PUMAS and PUMAS-ensemble are summary-statistcis-based method to fine-tune, combine, and benchmark PRS methods using only GWAS summary statistics and a LD reference panel. If the PRS fine-tuning is the only task, please use PUMAS functions. Otherwise to achieve all three objectives, please use PUMAS-ensemble. A workflow of PUMAS/PUMAS-ensemble is shown below
- We are currently preparing additional LD reference datasets.
- Previous version of PUMAS for fine-tuning P+T/C+T PRSs is available here.
- 11/04/2022: Upload a tutorial for PUMAS and PUMAS-ensemble.
- 01/30/2023: Upload a script and tutorial for cleaning GWAS sumamry statistics.
- Clone this repository by
git clone https://github.com/qlu-lab/PUMAS.git
- Downlaod the LD reference data constructed using 1000 Genomes Project Phase III European ancestry data
- Approximately independent LD blocks:
wget ftp://ftp.biostat.wisc.edu/pub/lu_group/Projects/PUMAS/LD/ld_1kg.RData
wget ftp://ftp.biostat.wisc.edu/pub/lu_group/Projects/PUMAS/LD/rs_1kg.RData
- Genotype data from the LD panel:
wget ftp://ftp.biostat.wisc.edu/pub/lu_group/Projects/PUMAS/LD/1kg_hm3_QCed_noM*
- Frequency data from the LD panel:
wget ftp://ftp.biostat.wisc.edu/pub/lu_group/Projects/PUMAS/Freq/1kg_hm3_QCed_noM_freq.frq
- If
wget
doesn't work, download the data above via box folder.
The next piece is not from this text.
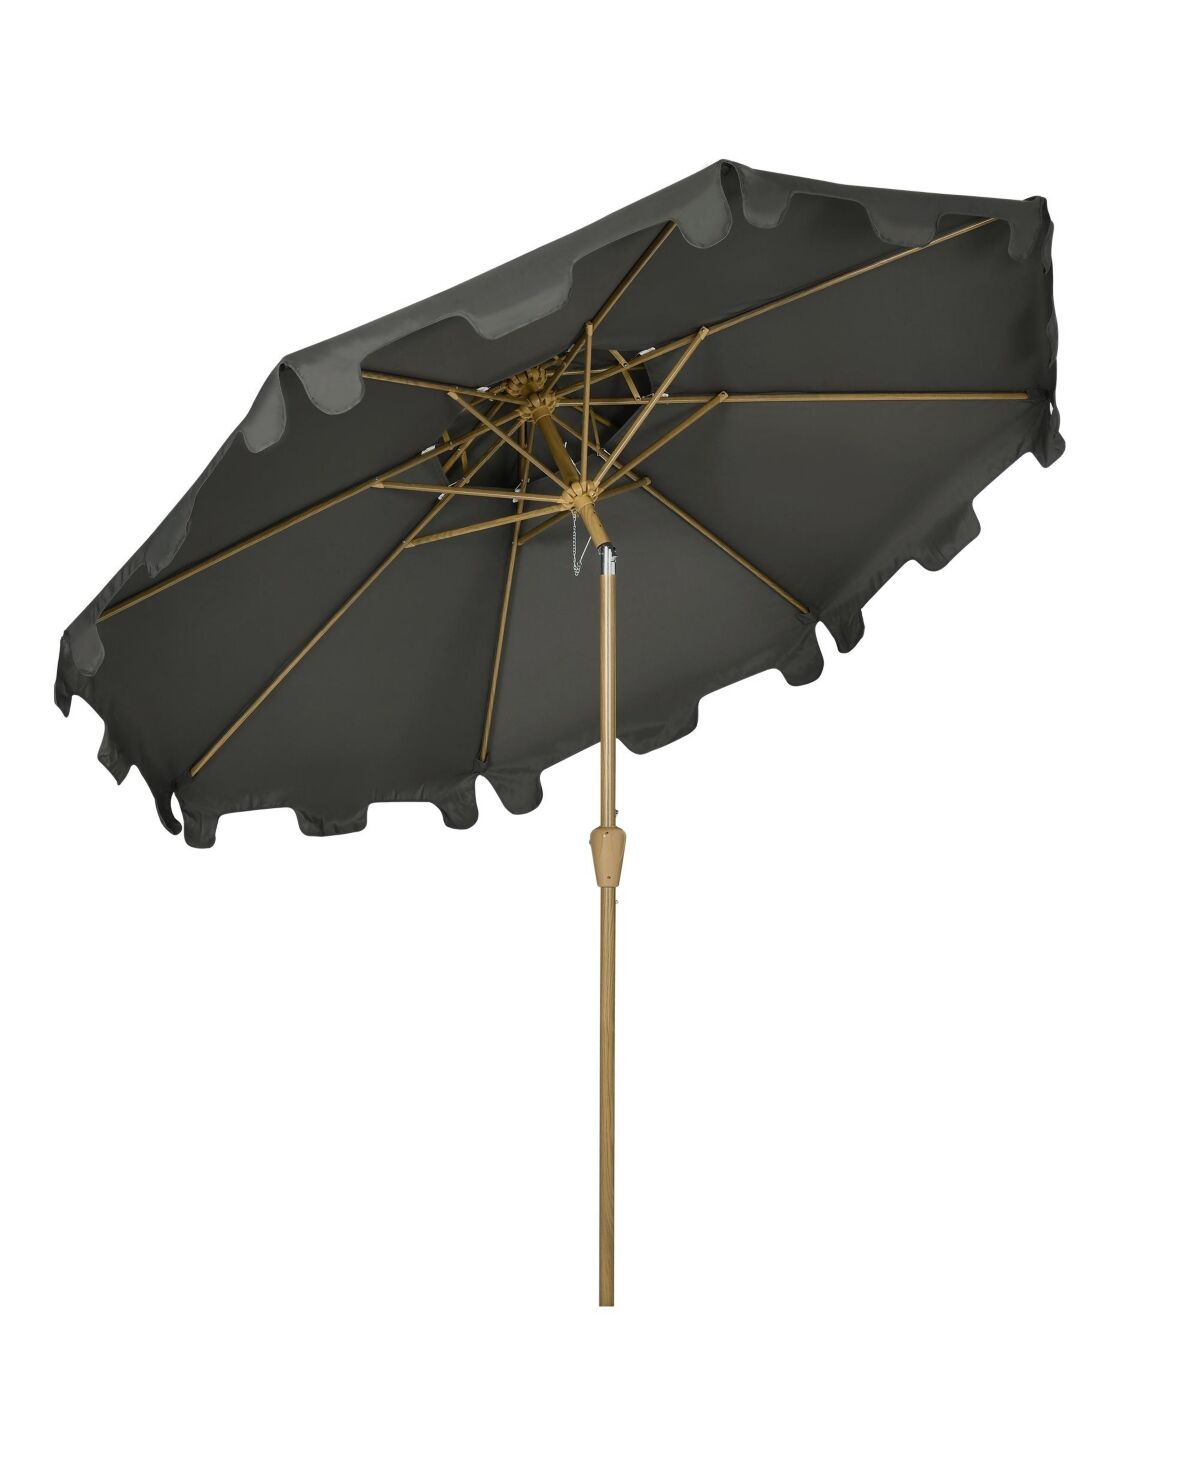 Outsunny 9' Patio Umbrella with Push Button Tilt and Crank, Double Top Ruffled Outdoor Market Table Umbrella with 8 Ribs, for Garden, Deck, Pool, Gray

- Approximately independent LD blocks:
- Install the following R (>=3.5.1) dependencies by
install.packages()
:- optparse
- data.table
- BEDMatrix
- parallel
We highly recommend that users clean their summary statistics prior to applying PUMAS/PUMACUBS. Here we provide a GWAS sumstats QC script. Please make sure that the input GWAS sumstats has rsID for each SNP. To use the GWAS QC script, run:
Rscript ./code/gwas_qc.R \
--file_path <raw GWAS sumstats path> \ # required
--frq_path <frequency data path> \ # required
--output_path <output folder> \ # required
--snp <SNP column name> \ # required
--a1 <A1 column name> \ # required
--a2 <A2 column name> \ # required
--stat <BETA/OR column name> \ # required
--OR \ # use this flag if sumstats are reported as odds ratios
--logit \ # use this flag if the sumstats come from logistic regression, regardless of whether OR or beta is reported
--p <P column name> \ # required
--n.total <total sample size> \ # a number, required
--n.col <N/sample size column name> \ # see below for detailed instruction for sample size
--n.case <case sample size> \ # see below for detailed instruction for sample size
--n.con <control sample size> \ # see below for detailed instruction for sample size
--n.case.col <case sample size column name> \ # see below for detailed instruction for sample size
--n.control.col <control sample size column name> # see below for detailed instruction for sample size
--chr <CHR column name> \ # optional
--bp <BP column name> \ # optional
--se <SE column number> \ # optional (recommended to provide)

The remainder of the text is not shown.